[EXCERPTED RECORDS Boundary: Start]

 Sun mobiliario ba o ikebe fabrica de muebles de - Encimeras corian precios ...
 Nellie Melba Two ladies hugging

[EXCERPTED RECORDS Boundary: End]
[EXCERPTED RECORDS Boundary: Start]

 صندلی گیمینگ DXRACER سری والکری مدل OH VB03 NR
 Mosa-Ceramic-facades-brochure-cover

[EXCERPTED RECORDS Boundary: End]
[EXCERPTED RECORDS Boundary: Start]

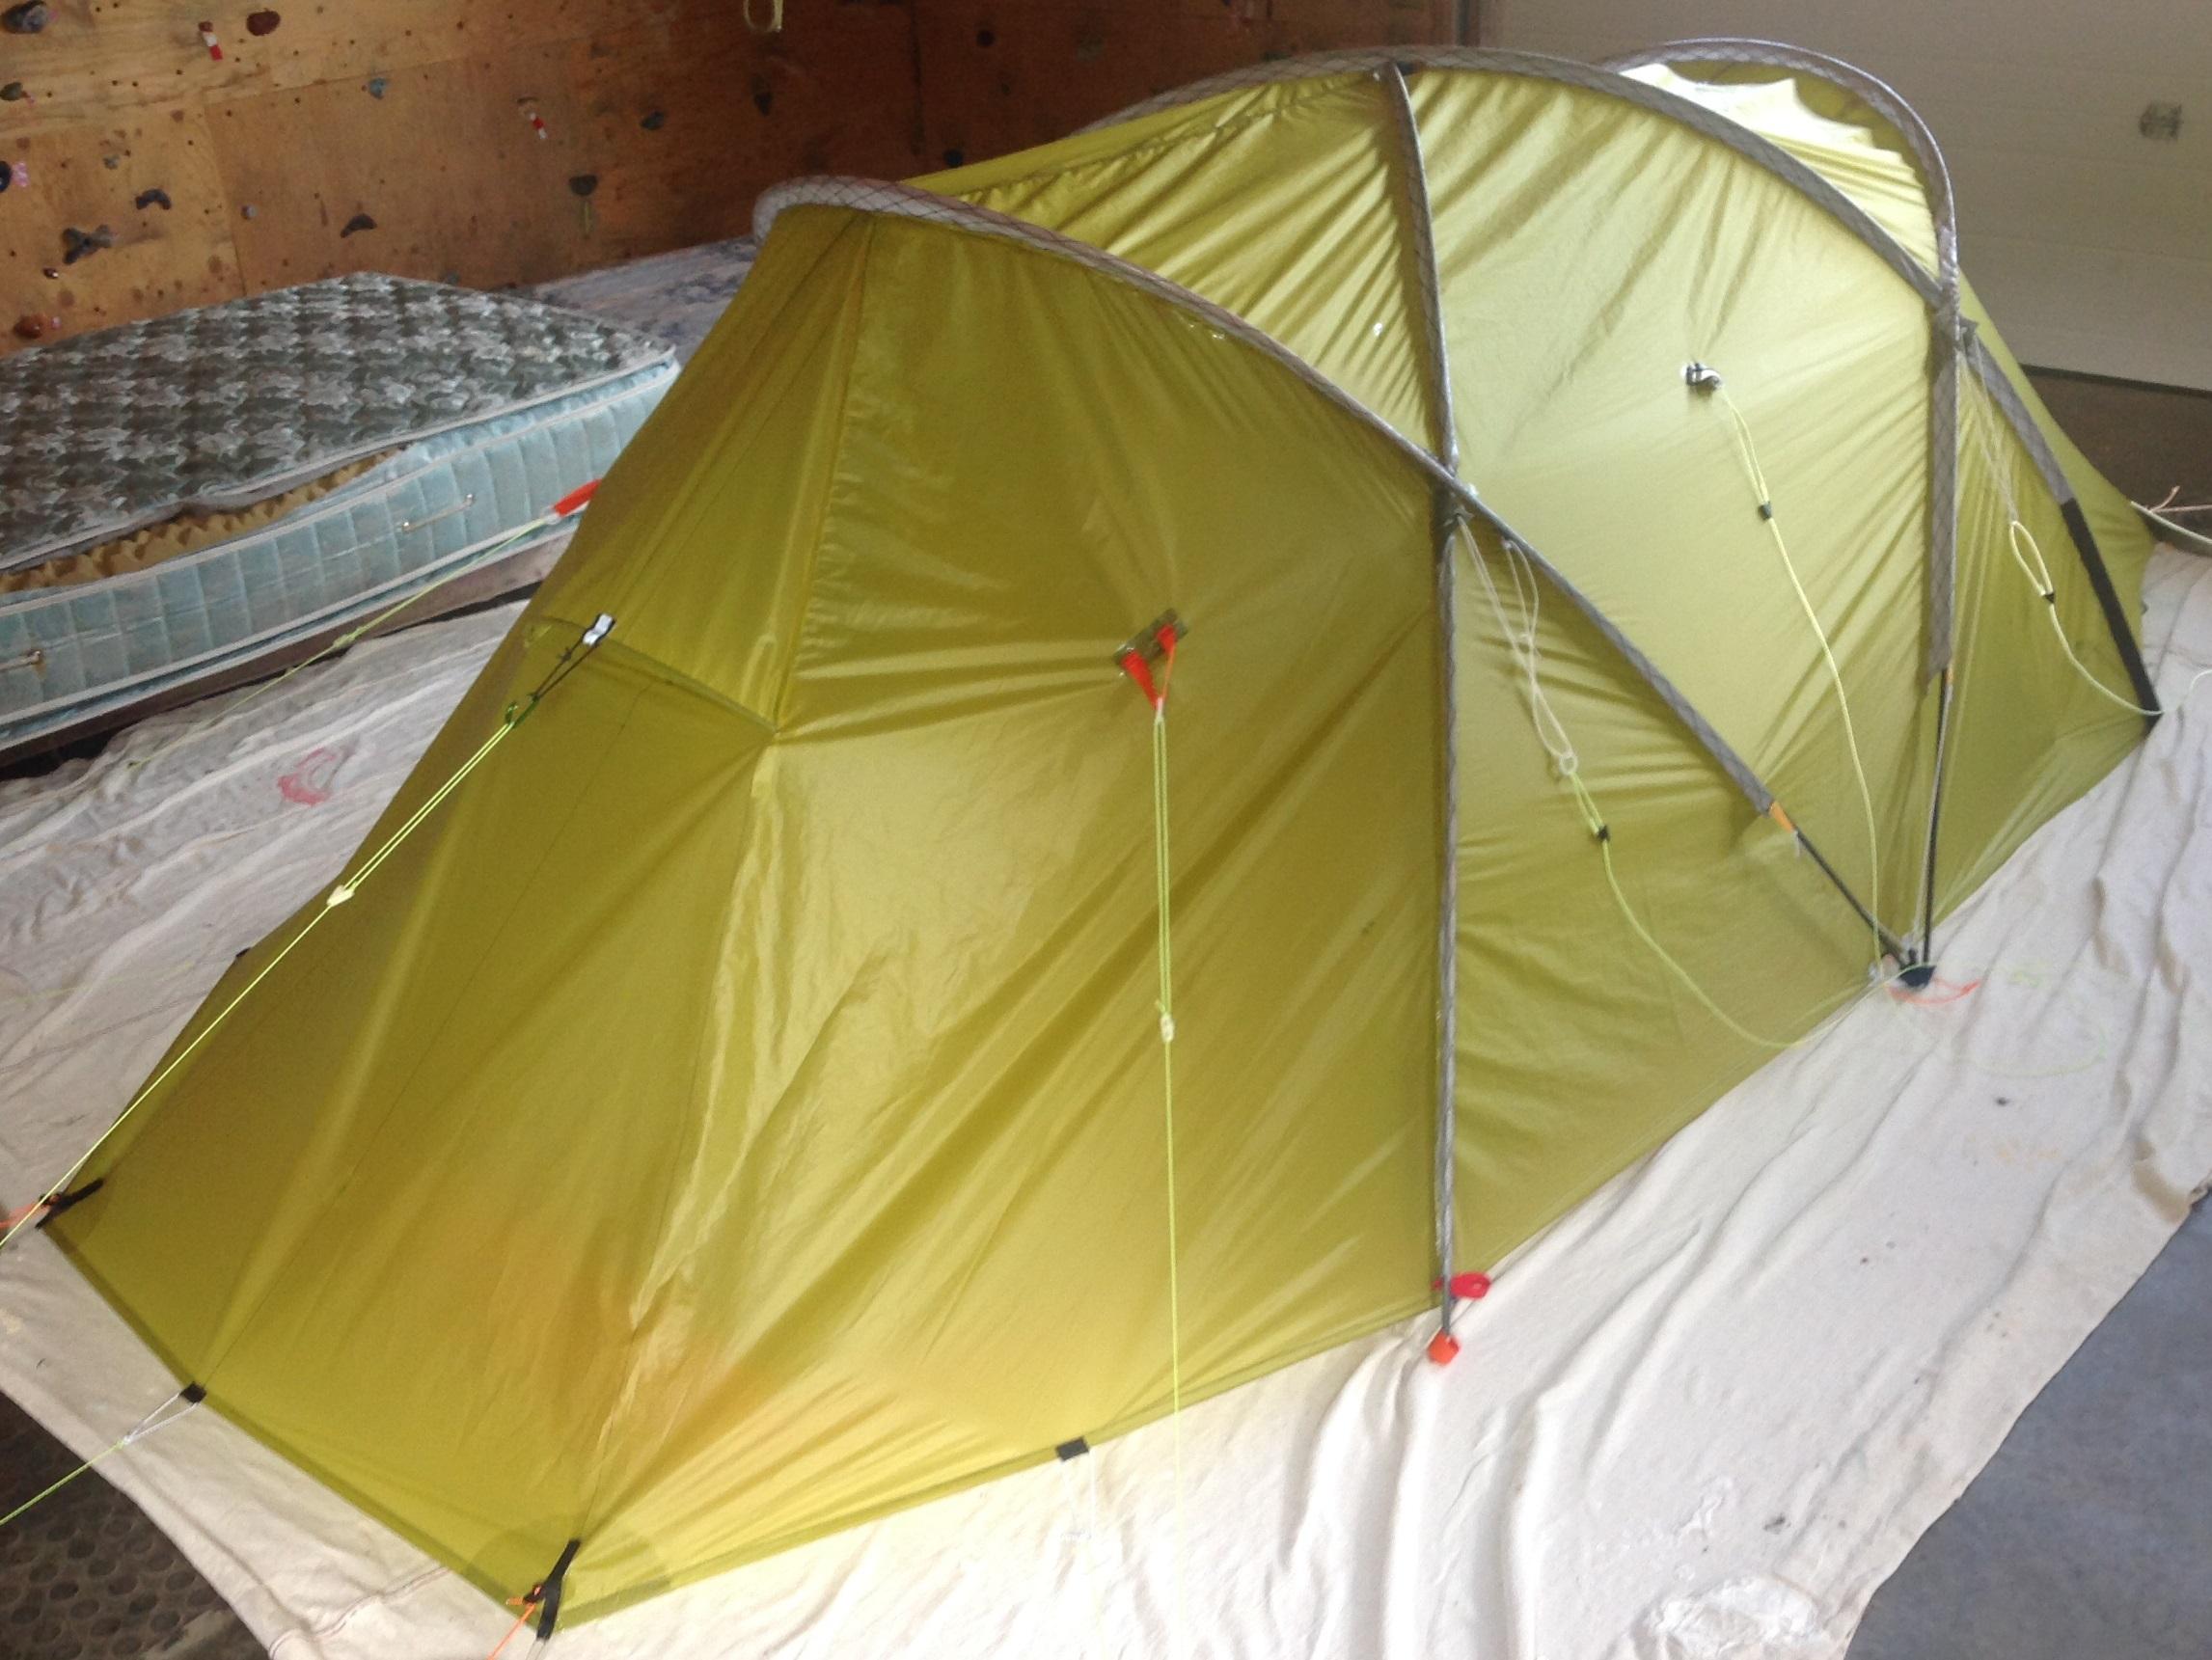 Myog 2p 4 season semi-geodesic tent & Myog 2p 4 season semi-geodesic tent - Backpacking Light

[EXCERPTED RECORDS Boundary: End]

### EXERCISE DETAILS
Write out exactly the lines above from the line with "Sun mobiliario ba" through the line with "Nellie Melba Two ladies hugging", both of them included, and leave out all other lines.

### RESPONSE
 Sun mobiliario ba o ikebe fabrica de muebles de - Encimeras corian precios ...
 Nellie Melba Two ladies hugging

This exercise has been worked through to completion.